Line Dancing and Church Community

Line Dancing is America’s cultural dance. This is my opinion, contrary to all of the square dancing lessons I received (endured) in elementary school. I came to this conclusion as I was watching a school dance. There were several different songs that were played that each had specific moves that most everyone knew. That was when I realized I hadn’t been to a wedding in a really long time, or I would have seen these dances.

It is quintessentially American, as well. In other types of dance, partners are needed. In many types of dance, entire groups are needed. Line dancing is completely individualized. If I know the moves, I can dance without anyone else around. It looks better if there are lots of people around, all doing the same moves at the same time. Yet even if it is just me, I can dance by myself.

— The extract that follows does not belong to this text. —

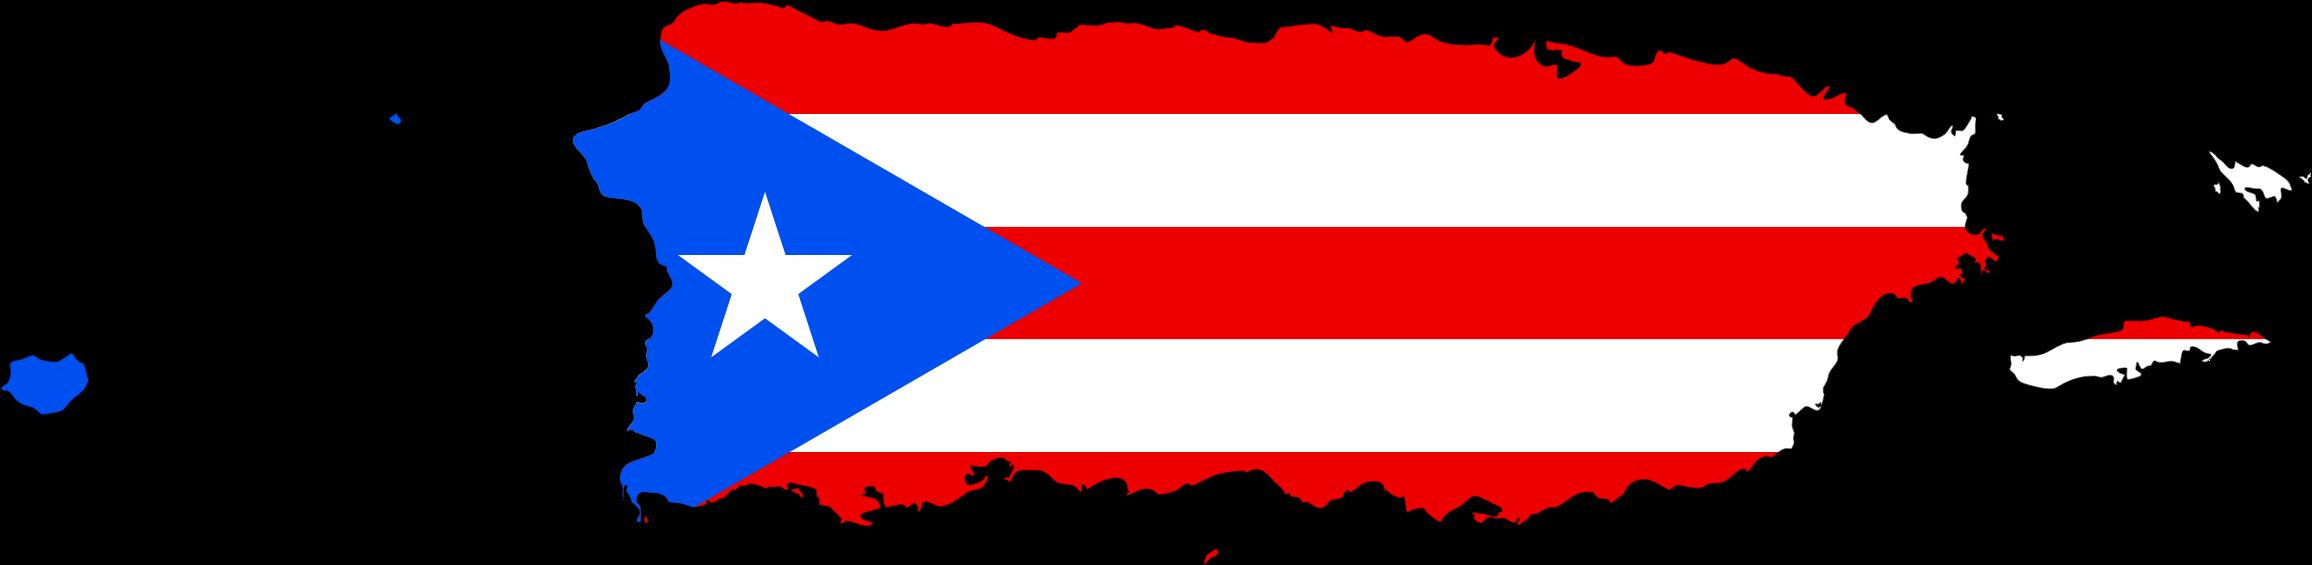 Mapa de puerto rico clipart transparent Collection of Puerto rico clipart | Free download best Puerto rico ... transparent

My fear is that, in America at least, we have reduced community in the Church to a line dancing mentality. My faith is mine alone, and if there are others around who are doing the same thing it can be better. Nevertheless, I really do not need anyone else to be with me. I can dance by myself with God.

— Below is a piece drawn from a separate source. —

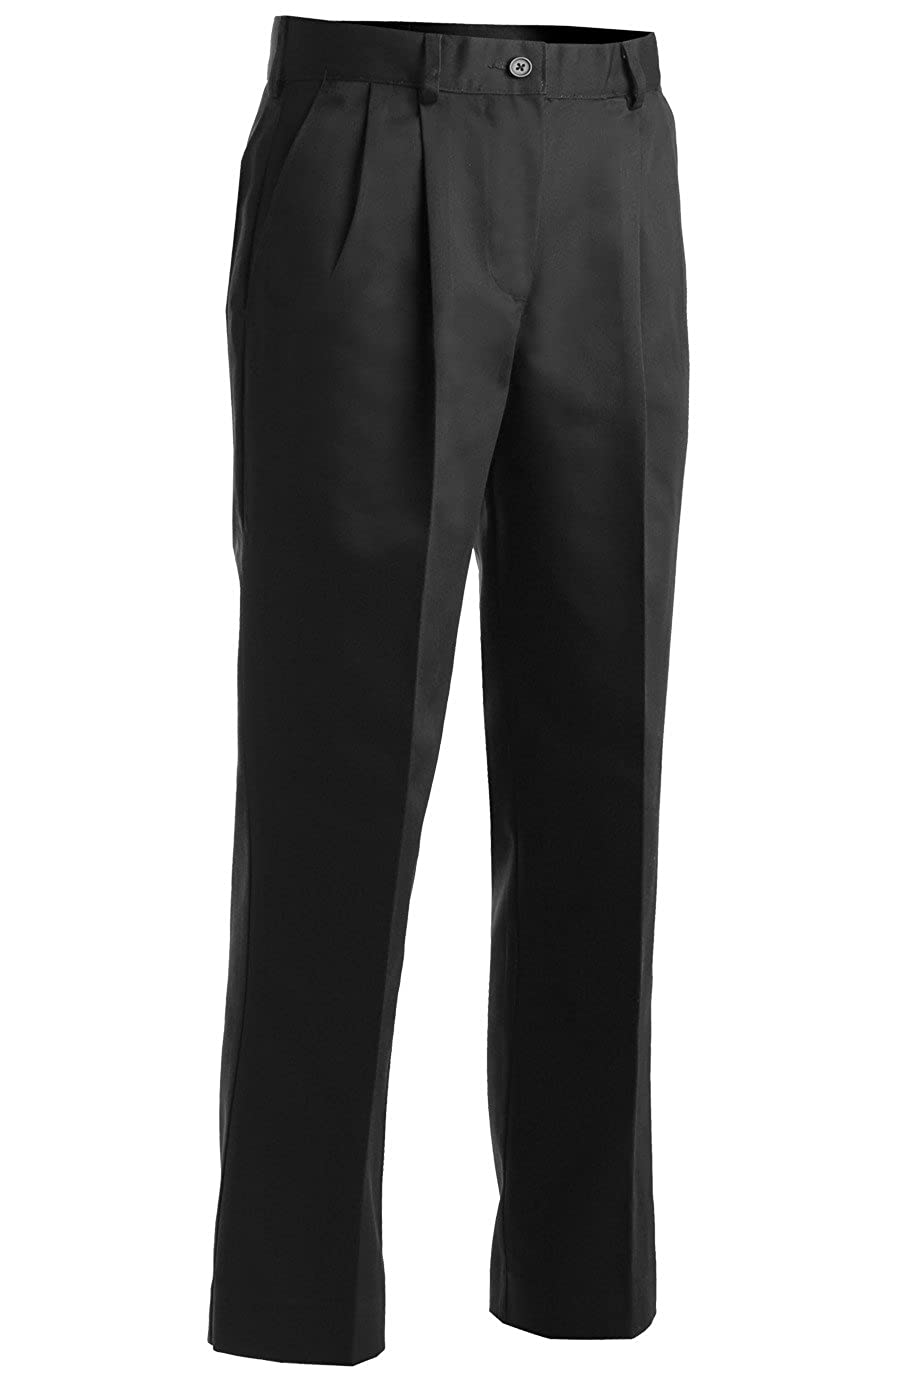 Ed Garments Women's Utility Pleated Pant, Black, 12 28 8667

This is not the community Jesus Christ created in the Church. In truth, this does not even reflect community in its most basic form. God is a community of Father, Son, Spirit. Ultimate reality is Community, and when Jesus Christ began the new creation he did so with a community. He founded a Church that would reflect the principles and power of the new creation within the broken pieces of the old one. He founded a Church that would be able to storm the gates of hell. He did not create a bunch of individual believers who would gather together every once in a while. The images of the Church are a body and a temple–unified structures made up of different pieces, but all contributing to the whole together.

Community is essential to the Christian experience. John Wesley once said, “Solitary religion is not to be found there. ‘Holy Solitaries’ is a phrase no more consistent with the gospel than holy adulterers. The gospel of Christ knows of no religion, but social; no holiness but social holiness. Faith working by love, is the length and breadth and depth and height of Christian perfection.” In other words, we need one another for our own faith and salvation. Without the community, without the social aspect of faith (us being in community with one another), we will be lost. No one can be a Christian by herself or himself. We all need each other in the Church.

Line dancing may be a wonderful American dance, where individuals can get on a dance floor and all be individual together while maintaining their individuality because they really do not need anyone else, but it is a lousy model for Christian community.